Dalam catatan Kompas, pembangkangan terhadap petugas terkait kasus Covid-19 di Kota Ambon marak terjadi belakangan. Pekan lalu, warga Kelurahan Silale menolak kedatangan Tim Gugus Tugas Kota Ambon yang hendak melakukan tes cepat. Mereka melakukan unjuk rasa sambil menutup akses masuk ke perkampungan. Petugas akhirnya pergi.
Perlawanan juga dilakukan oleh para pedagang di Pasar Mardika, Kota Ambon, pekan lalu. Saat itu, petugas menertibkan pedagang yang berjualan melebihi batas waktu yang ditentukan, yakni pukul 16.00 WIT. Mereka tetap berjualan dan terjadi adu mulut dengan petugas. Saat dipaksa, sejumlah pedagang bahkan menumpahkan dagangan mereka di depan aparat.
Protes yang sama dilakukan oleh sopir angkutan kota saat pemerintah menerapkan kebijakan operasi kendaraan berdasarkan pelat nomor ganjil genap. Mereka merasa sangat dirugikan lantaran sebelumnya sudah dilakukan pembatasan jumlah penumpang hingga 50 persen. Kebijakan pelat nomor ganjil genap pun dianggap tidak melalui kajian mendalam lantaran pada jalur tertentu, komposisi ganjil genap tidak seimbang.
Pengamat sosial dari Universtas Pattimura, Ambon, Josef Antonius Ufi, berpendapat, di tengah kondisi pendemik itu, masyarakat mengalami tekanan sosial dan ekonomi yang sangat besar. Jika terus ditekan dengan aturan yang dianggap tidak masuk akal, akan terjadi perlawanan. ”Semakin kuat tekanan, energi perlawanan yang timbul akan semakin besar,” ucapnya.

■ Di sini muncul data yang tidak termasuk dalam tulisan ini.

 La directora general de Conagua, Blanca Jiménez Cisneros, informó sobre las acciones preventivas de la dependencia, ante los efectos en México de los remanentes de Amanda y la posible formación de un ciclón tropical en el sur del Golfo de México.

Menurut Josef, komunikasi publik antara pemerintah dan masyarakat menjadi kunci. Tokoh masyarakat dan tokoh agama perlu dilibatkan dalam menjaring aspirasi publik terkait kebijakan yang akan diambil. Lewat tokoh-tokoh itu pula, bisa dijadikan jembatan untuk mengomunikasikan kebijakan pemerintah kepada masyarakat.

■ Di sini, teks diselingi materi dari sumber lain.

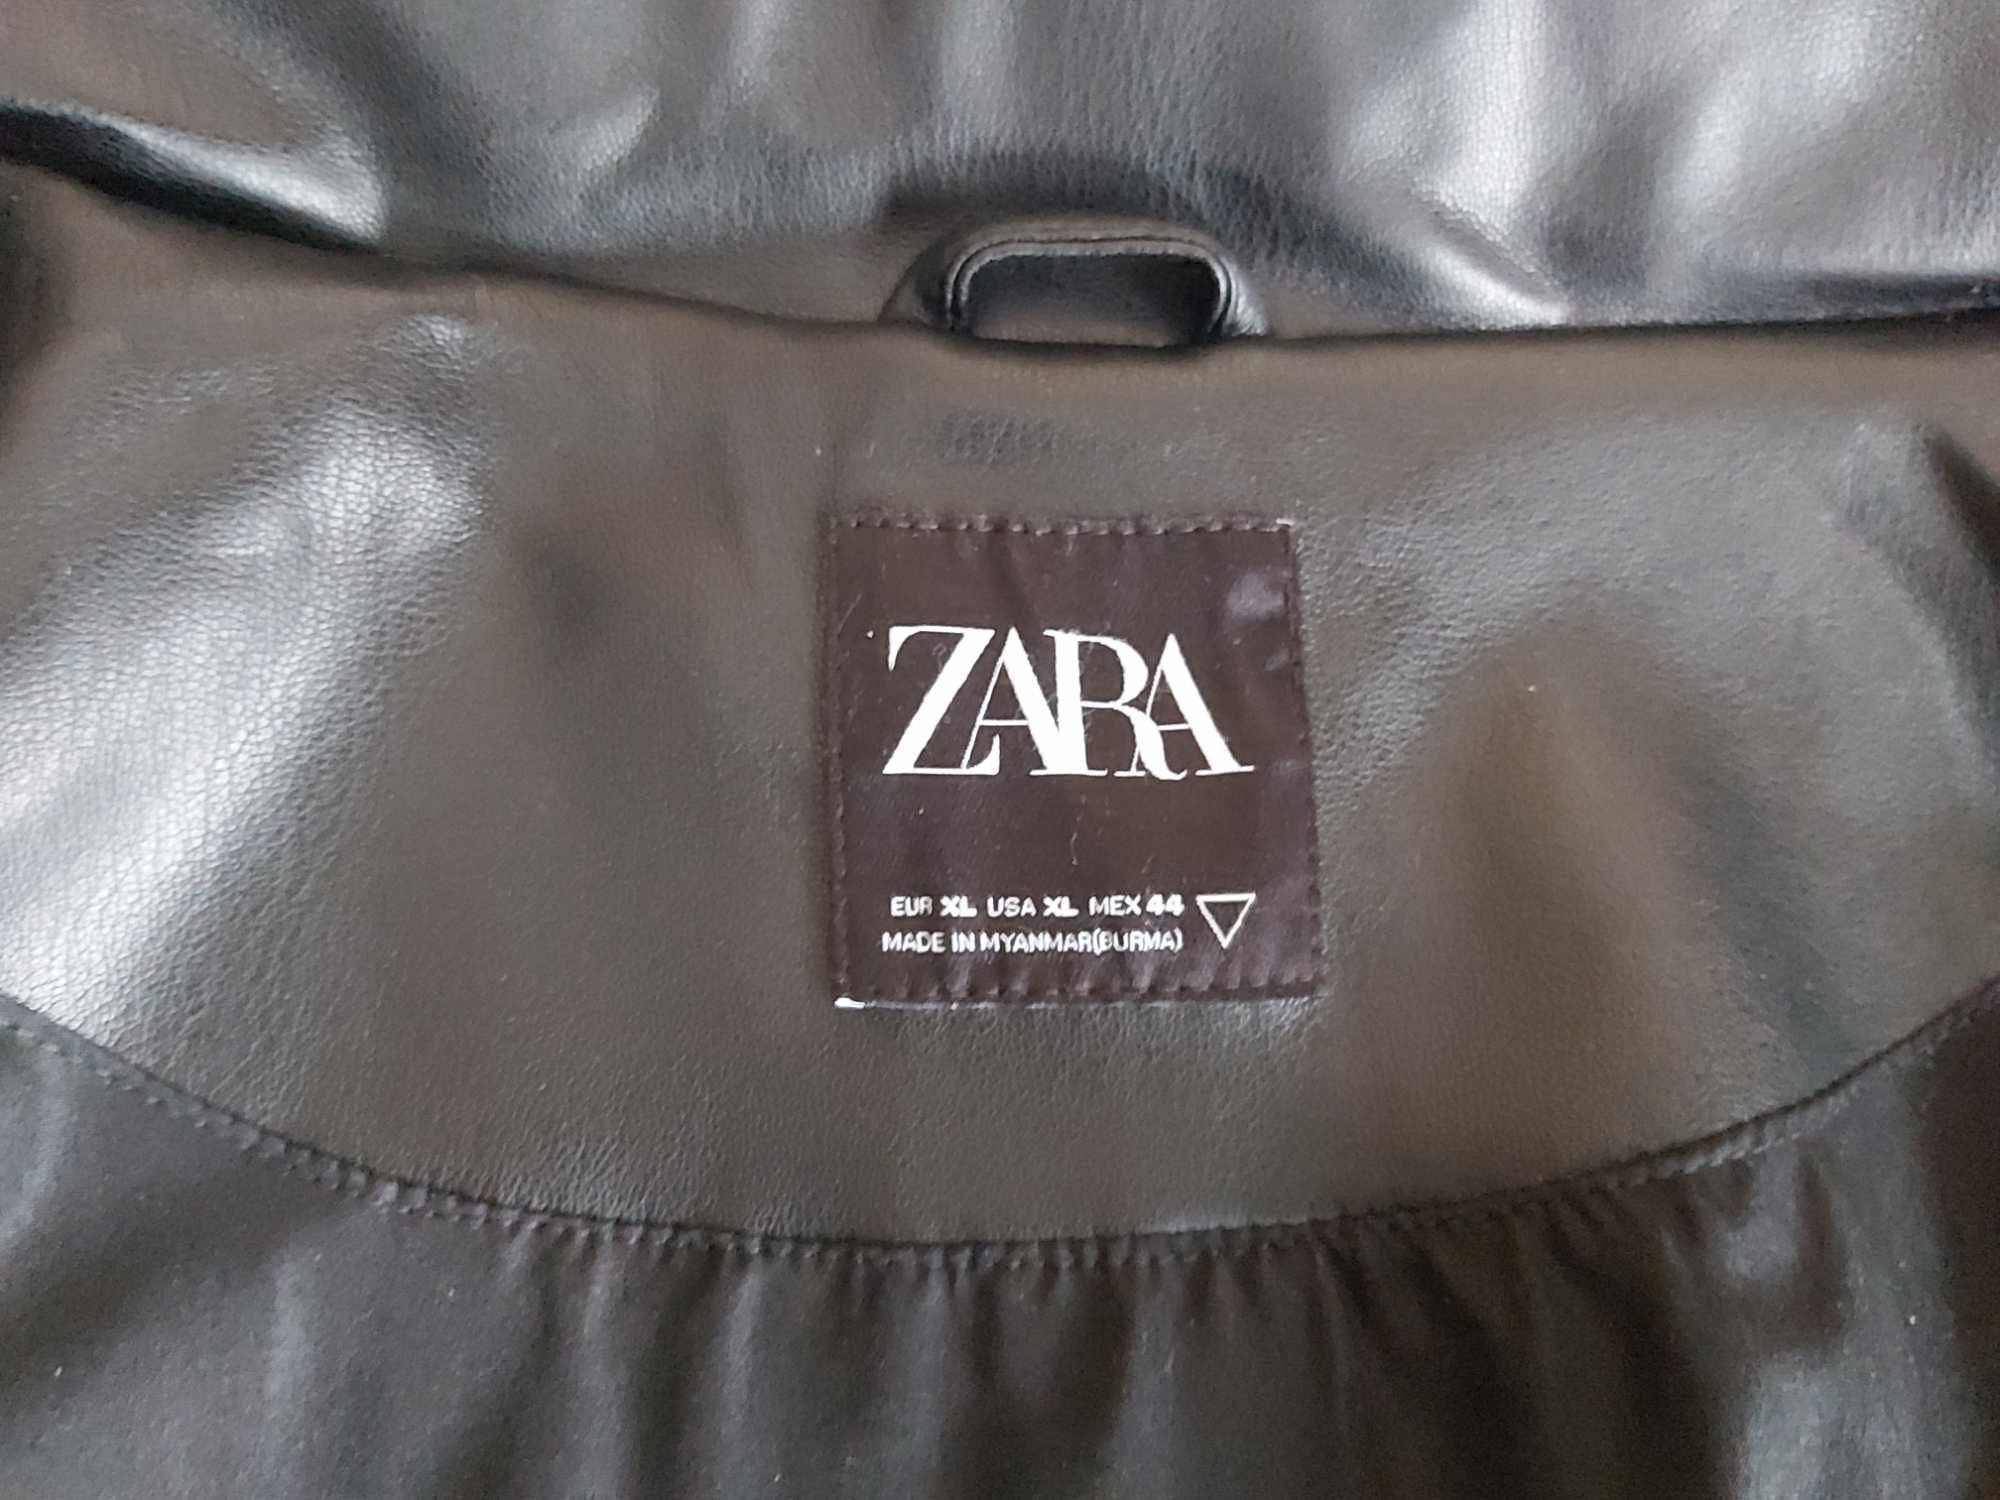 Kurtka męska zimowa firmy "Zara".

Terkait perlawanan masyarakat atas kebijakan itu, Wali Kota Ambon Richard Louhenapessy menuturkan, setiap kebijakan akan menuai reaksi pro dan kontra. Itu hal yang wajar. Namun, ada beberapa hal yang harus dievaluasi, seperti penerapan pelat nomor ganjil genap. ”Nanti tidak pakai ganjil genap. Akan ditempel stiker A dan B agar berimbang,” katanya.